▶ GIVEN INFORMATION
• • • • •

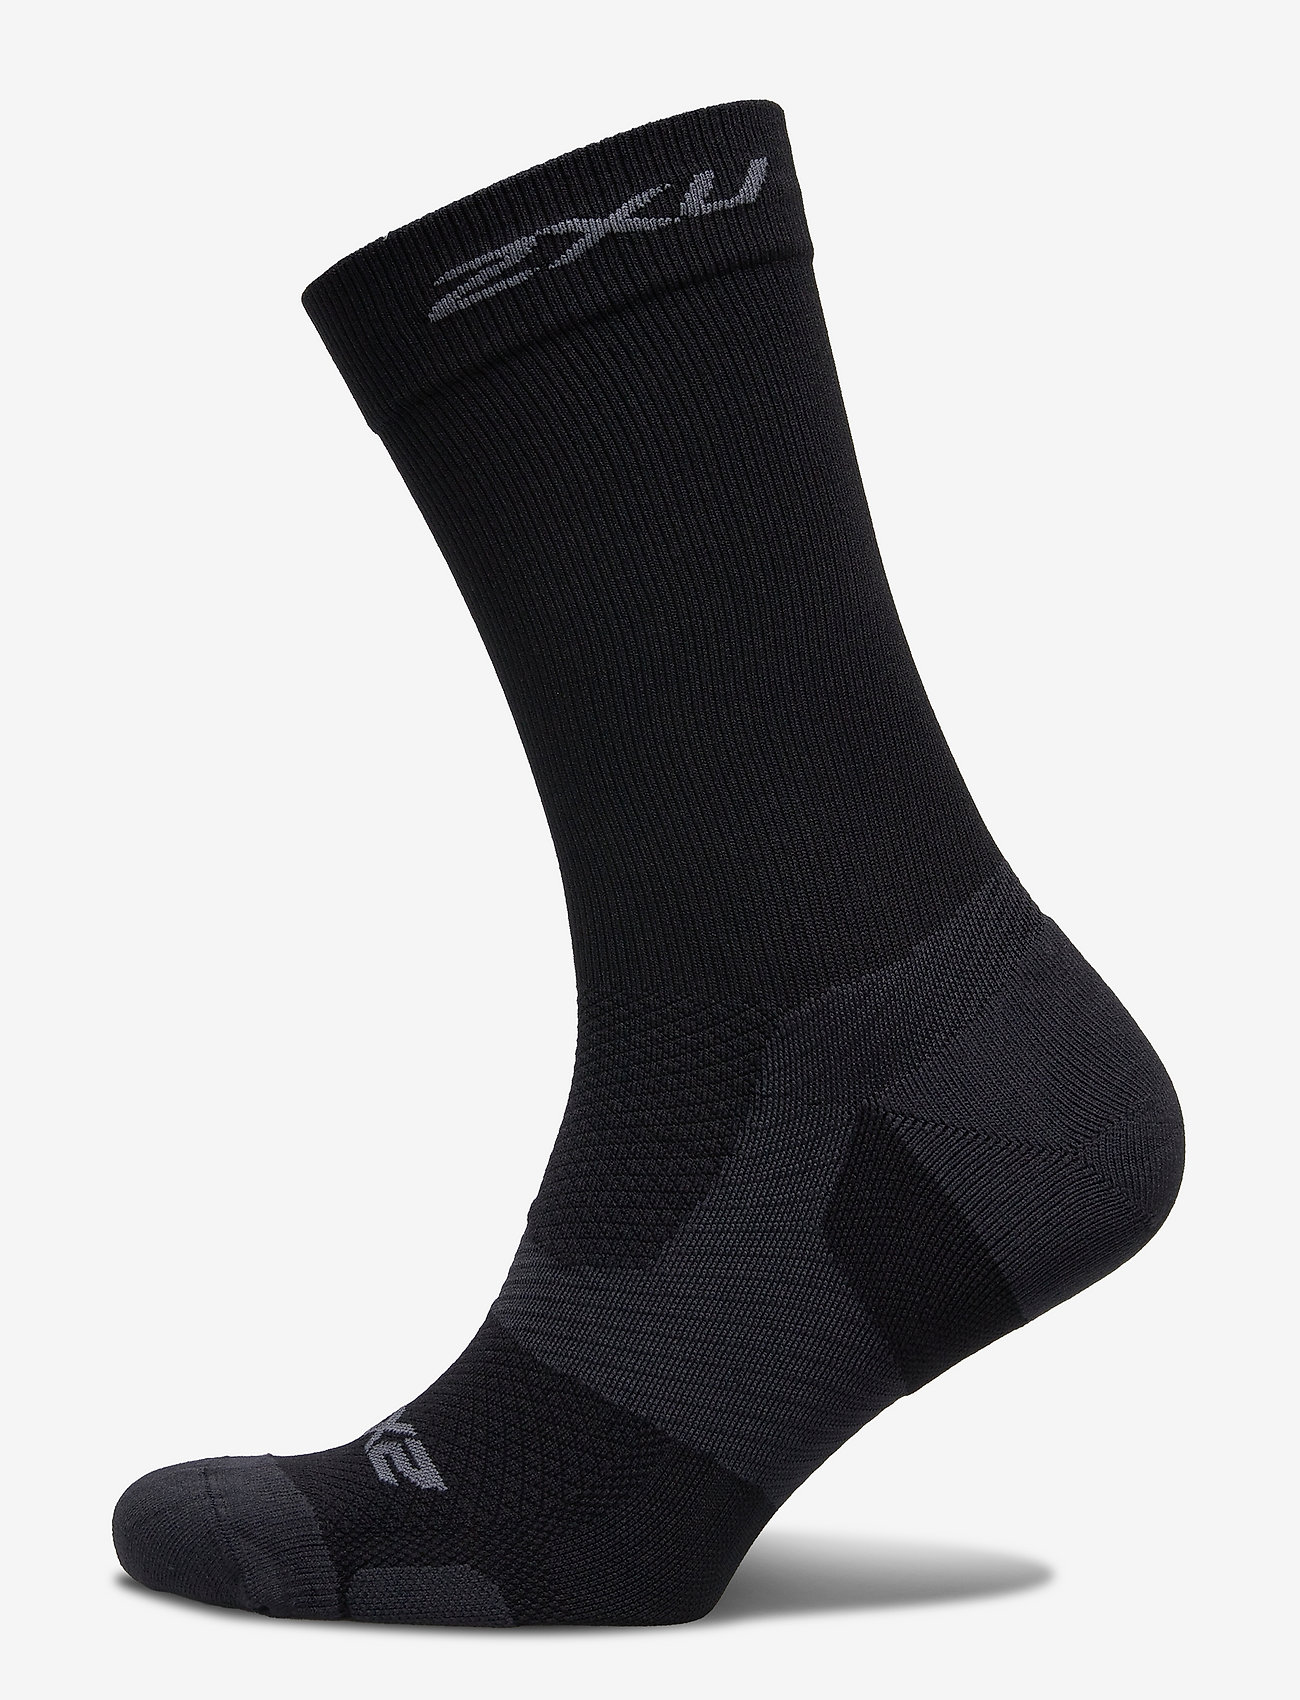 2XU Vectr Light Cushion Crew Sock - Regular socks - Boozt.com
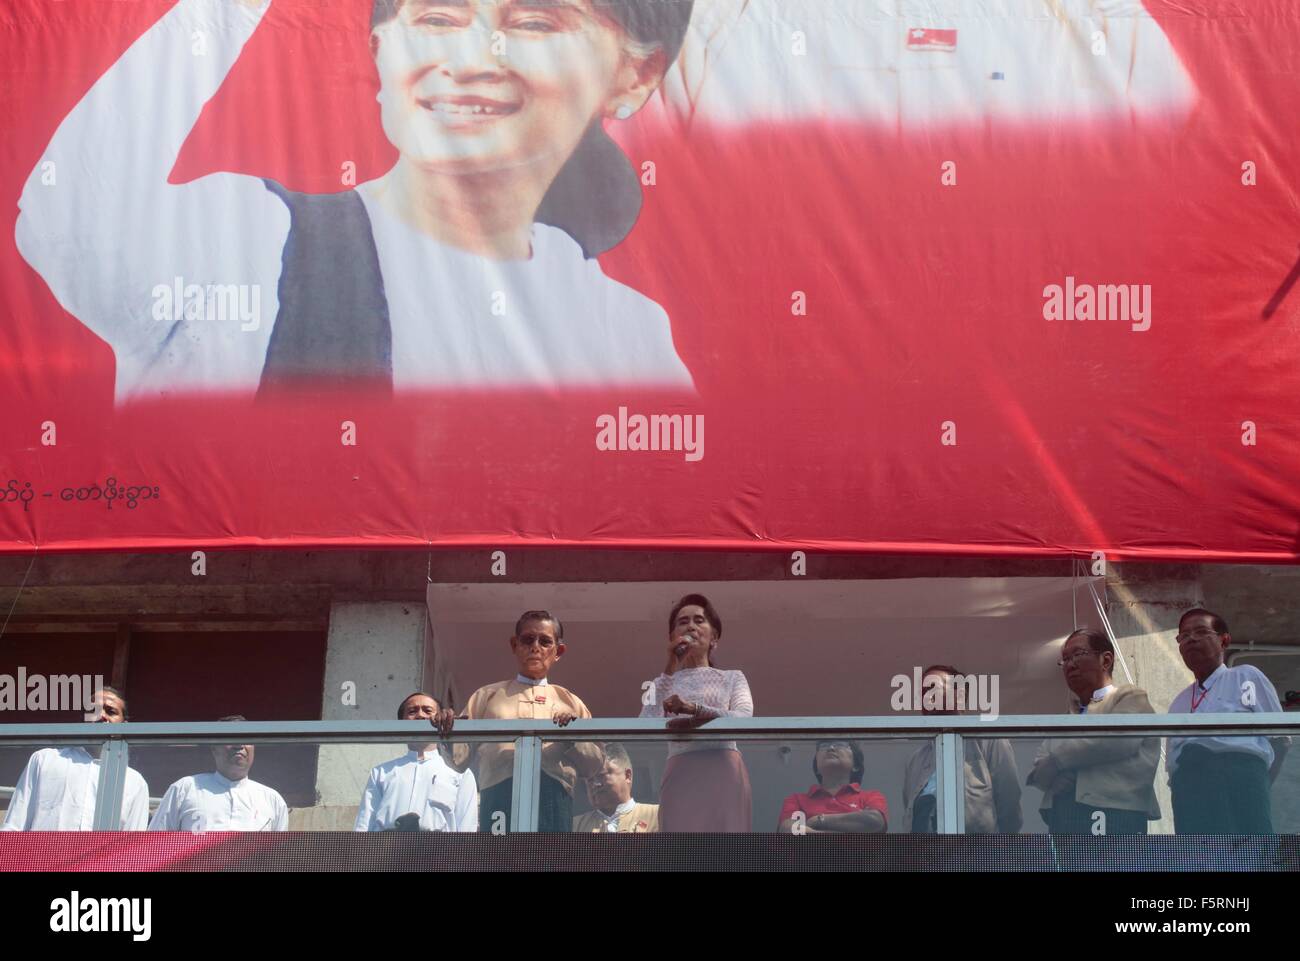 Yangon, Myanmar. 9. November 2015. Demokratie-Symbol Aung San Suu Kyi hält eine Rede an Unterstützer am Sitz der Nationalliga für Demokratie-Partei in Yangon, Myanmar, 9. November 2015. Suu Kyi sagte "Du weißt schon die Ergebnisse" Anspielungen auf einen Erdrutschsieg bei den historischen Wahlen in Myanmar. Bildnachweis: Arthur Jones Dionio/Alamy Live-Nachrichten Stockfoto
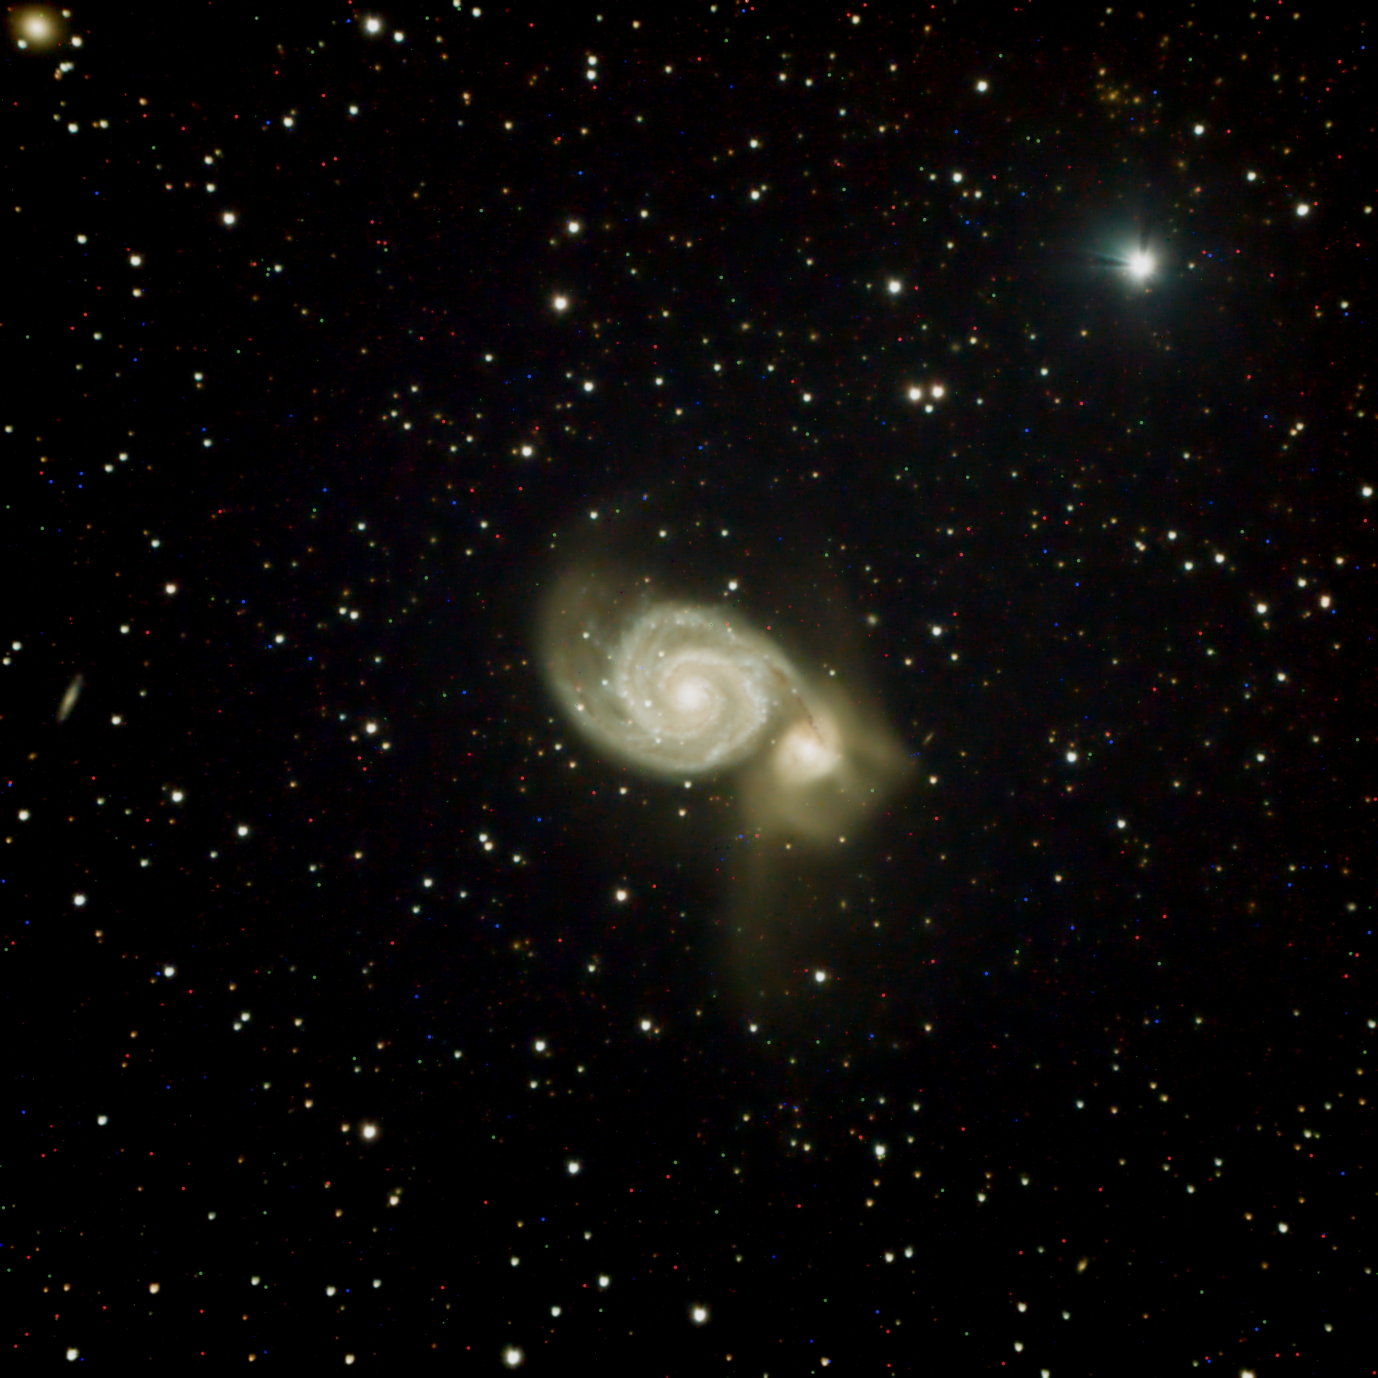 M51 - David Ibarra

• • • • •

▶ TASK TO CARRY OUT
Top to bottom, retype the listing exactly but drop every picture.

▶ WRITTEN SOLUTION
 2XU Vectr Light Cushion Crew Sock - Regular socks - Boozt.com
 Yangon, Myanmar. 9. November 2015. Demokratie-Symbol Aung San Suu Kyi hält eine Rede an Unterstützer am Sitz der Nationalliga für Demokratie-Partei in Yangon, Myanmar, 9. November 2015. Suu Kyi sagte "Du weißt schon die Ergebnisse" Anspielungen auf einen Erdrutschsieg bei den historischen Wahlen in Myanmar. Bildnachweis: Arthur Jones Dionio/Alamy Live-Nachrichten Stockfoto
 M51 - David Ibarra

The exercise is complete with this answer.